The National Preparedness Report did indicate that in “2017, the DHS Office of Infrastructure Protection Office for Bombing Prevention (OBP) supported 573 counter- Improvised Explosive Device (IED) risk mitigation trainings for more than 10,000 security stakeholders, 12 counter-IED preparedness workshops in high-risk jurisdictions with more than 475 participants, and 381 capability assessments of public safety bomb squads and other operational units.
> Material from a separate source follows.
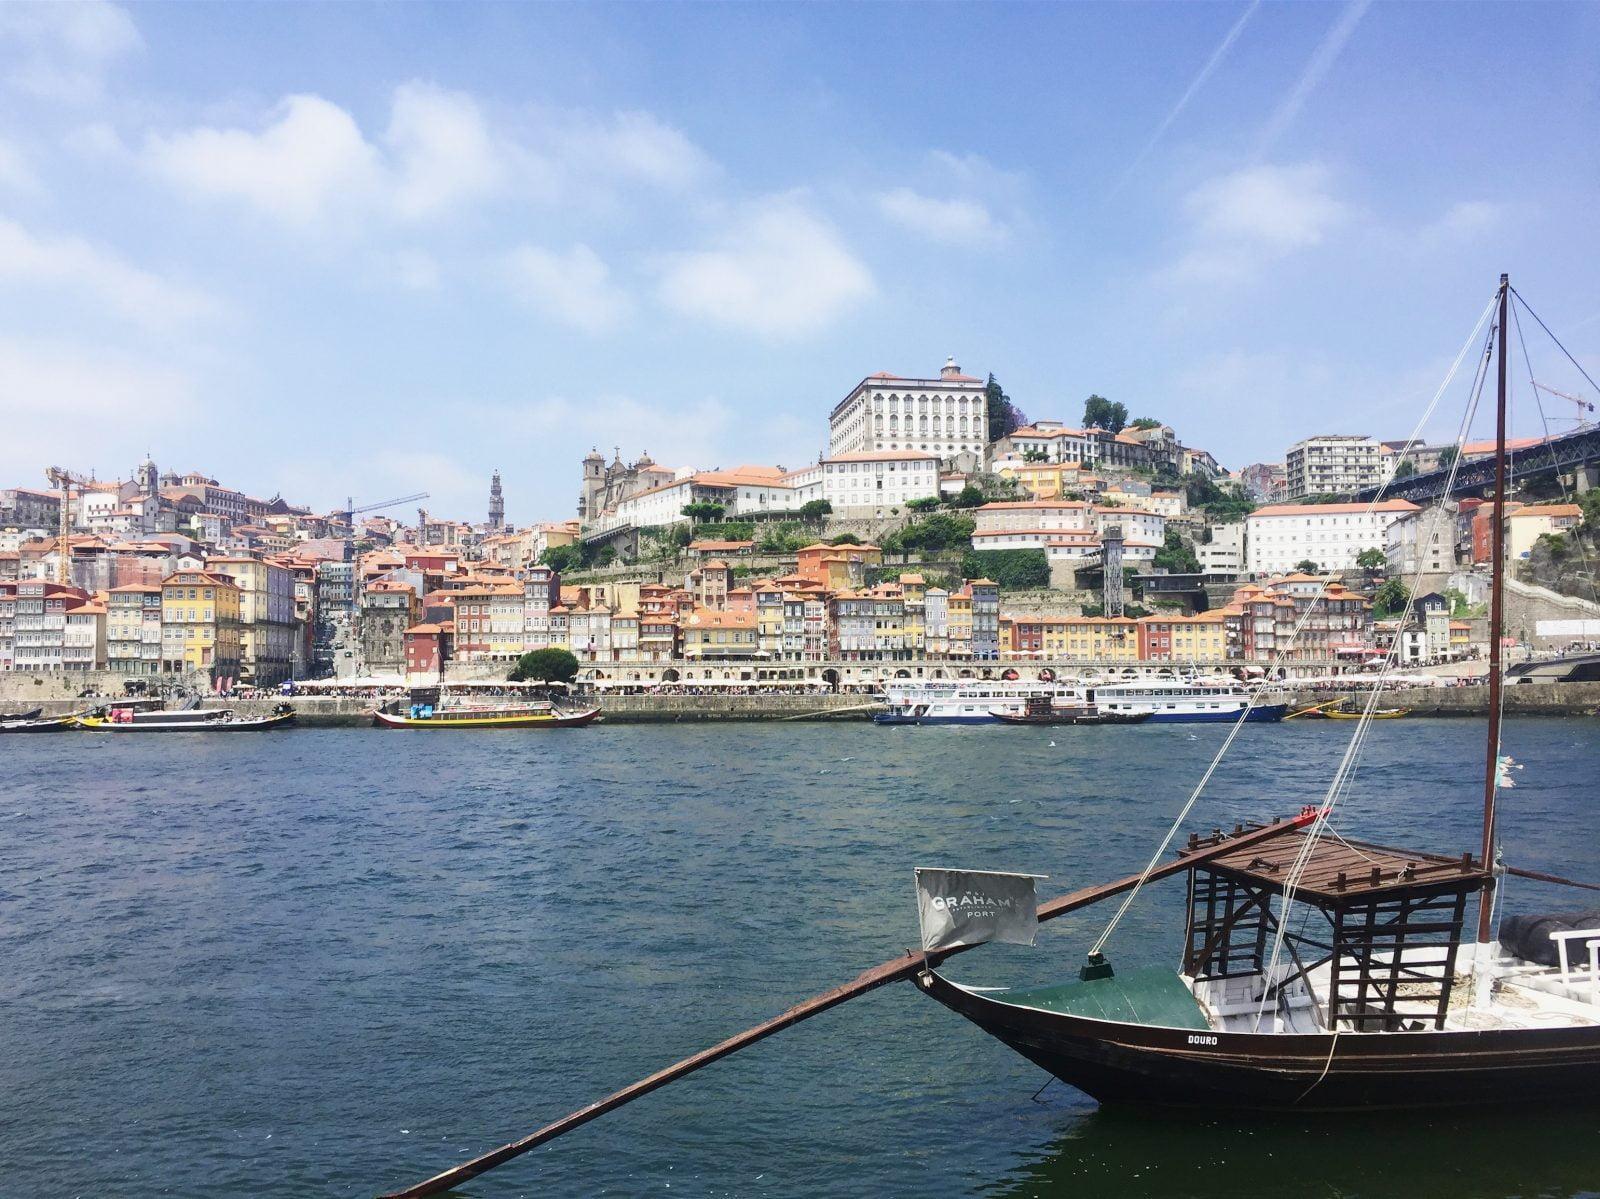 Portekiz'e Gitmek İçin Çok Geçerli Sebepler

In addition, OBP and FBI partners collaborated to provide dedicated assistance to the faith-based communities affected by a surge in bomb threats.” This highlights the need for Places of Worship and FBOs of all types to continue to prepare to mitigate “lone-wolf” / lone-actor or small group type attacks that involve active assailants or other hostile events, such as use of explosive devices or edged weapons.
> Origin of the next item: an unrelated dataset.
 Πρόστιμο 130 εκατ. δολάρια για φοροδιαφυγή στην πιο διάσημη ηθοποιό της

Preparedness is at the heart, the foundation, of all security and incident response actions.

One way in which faith-based organizations can be active in preparedness and prevention is by recognizing behavioral indicators that might tip off an assailant’s intent. These indicators can be challenging, and it’s important to recognize that they may represent legitimate recreational or commercial activities. However, being able to recognize suspicious behaviors and alerting individuals in a leadership position within the organization can help mitigate a potential threat. Some of these indicators include:

  • Persons showing interest in religious facility employees (outside of facility) as well as inquiring about facility practices and procedures;
  • Persons acquiring material used to make weapons of any kind coupled with the persons promoting violence;
  • Personal interest in posts or other media that show extreme acts of violence against others;
  • Person undertaking unusual Internet searches that may include interest in a specific target and/or searches that discuss planning and logistics related to committing an act of violence;
  • Person actively seeking communication with persons who promote violence either via the Internet or in person
  • Persons leaving packages unattended in public spaces;
  • Persons having access to or desire to have access to maps, plans, blueprints, or drawings that indicate curious interest in a sensitive location; and,
  • Partaking, for no apparent reason, in any of the following activities over a multi-day period
    • Parking, standing or loitering in a particular place;
    • Taking pictures or video of a particular location;
    • Observing or having interest in reaction to drills or emergency procedures in one location or observing the same at similar locations

The need for FBOs, especially houses of worship is two-fold; provide better assistance in recovery efforts through more robust and directed coordination with public and private sector partners and to buttress plans that address the continuing and, ever-present, physical threat to individual houses of worship.